On the evening of 9th November 2014 while being driven home from a Service of Remembrance George passed away.

Before the war started George lived in Battersea London and had managed to get a place in a Grammar School, but left during the war to take a job with his father in Battersea Power Station. He later left that and joined the Army as a boy soldier and was with the Queens Own Royal West Kent Regiment before being transferred to the Royal Engineers which he loved, and it was not long before he was attached to the Airborne Wing of this unit.

On D Day 1944 a few weeks after his 18th birthday he was sent in by glider and was in Normandy for three weeks before he was wounded.
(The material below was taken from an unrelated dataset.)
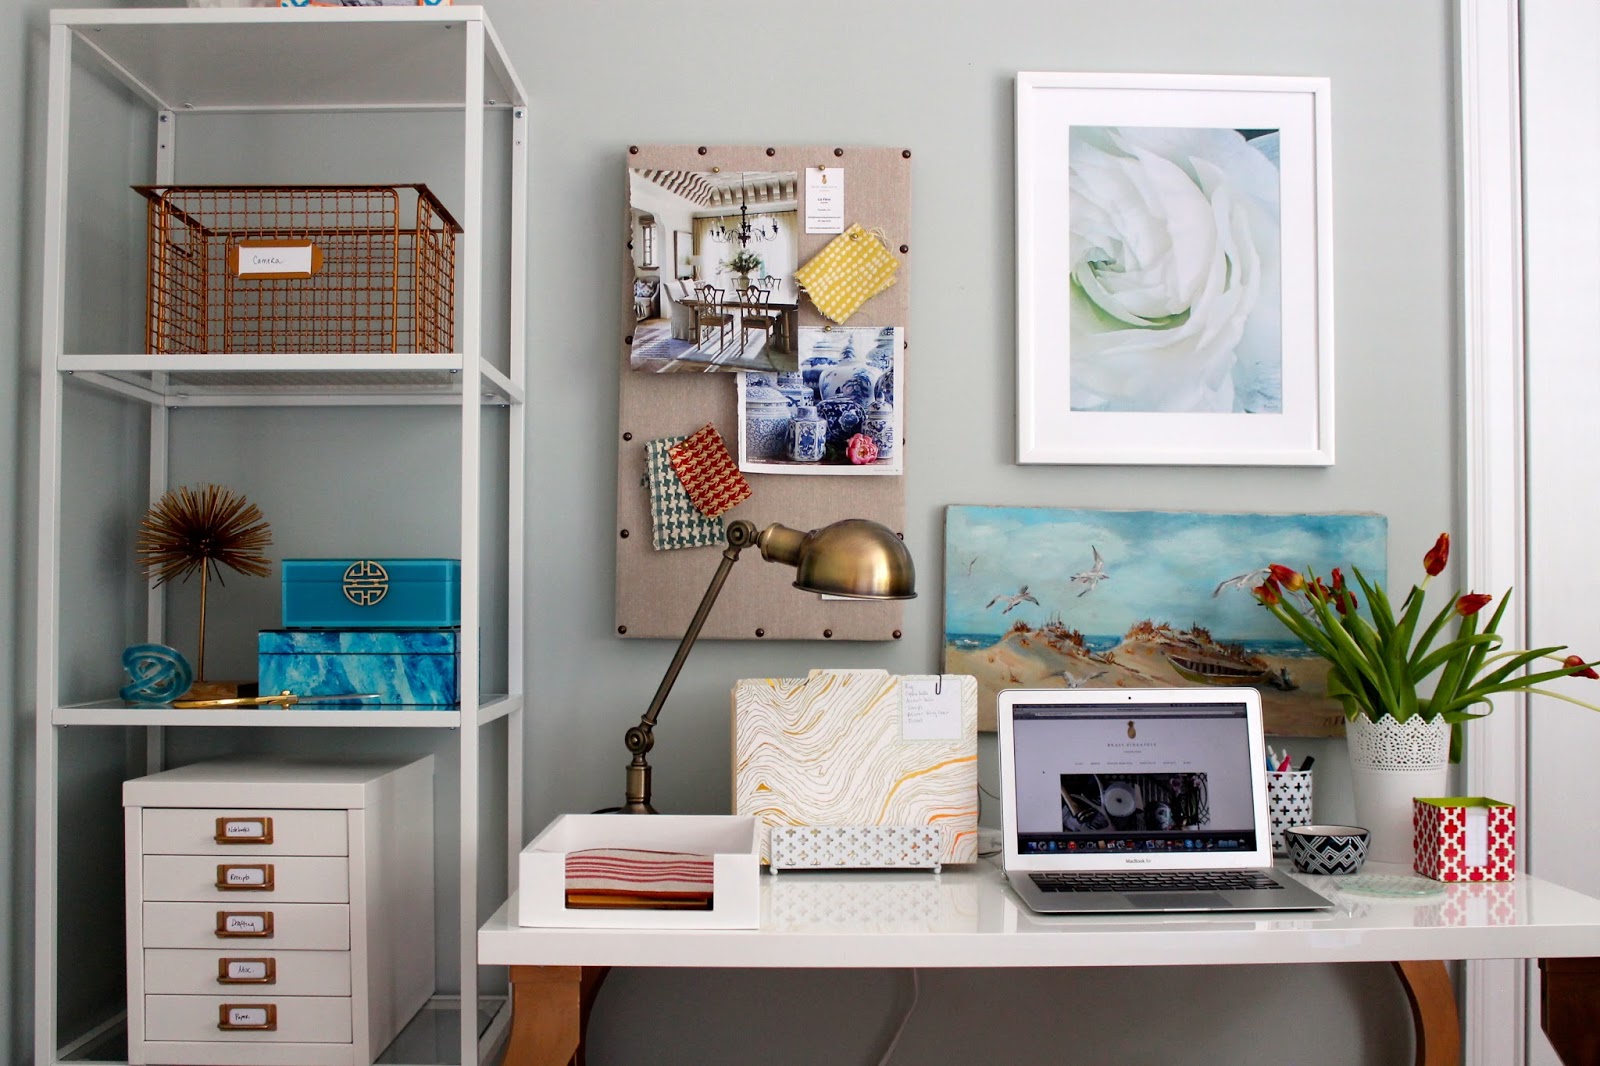 Designing Domesticity: Workspace Reveal

After recovering from his wounds he was stuck in another glider as he walked into camp and then found himself in Arnhem and he did talk a bit about being at Oosterbeek during the last days and he was one of the people that laid the tapes for the evacuation back across the Rhine.

After returning to the UK it was not long before he was shipped out to Belgium to fight in the battle of the Bulge and from there he was involved in the fighting in Holland and Norway and some years later he was the guest of the King of Norway, but what this was about we never knew.

Some of the odd bits of information he dropped at times, it would appear that he spent a bit of time in India and that part of the world, and from there he went to Palestine were for quite a while he was attached to Royal Navy and he had to board the Jewish Immigrant ships and disarm the mines on these ships. He was one of the Engineers that had to recover the bodies and clear the debris from the King David Hotel. He worked all over the Middle East until he was wounded again and sent home and later discharged from the Army, but was recalled to colours like so many old soldiers for the unspoken Suez Invasion of 1956.

George made his home in St Leonards, East Sussex, which he loved and became a great part of it, as time went on he owned a number of businesses on the sea front and was generous to a fault with his friends, and to Parachute Regimental Associations in Hastings & Eastbourne along with 9 Squadron Royal Engineers. His wit and good humour always made these events very memorable and his passing has left a large hole that will never be filled.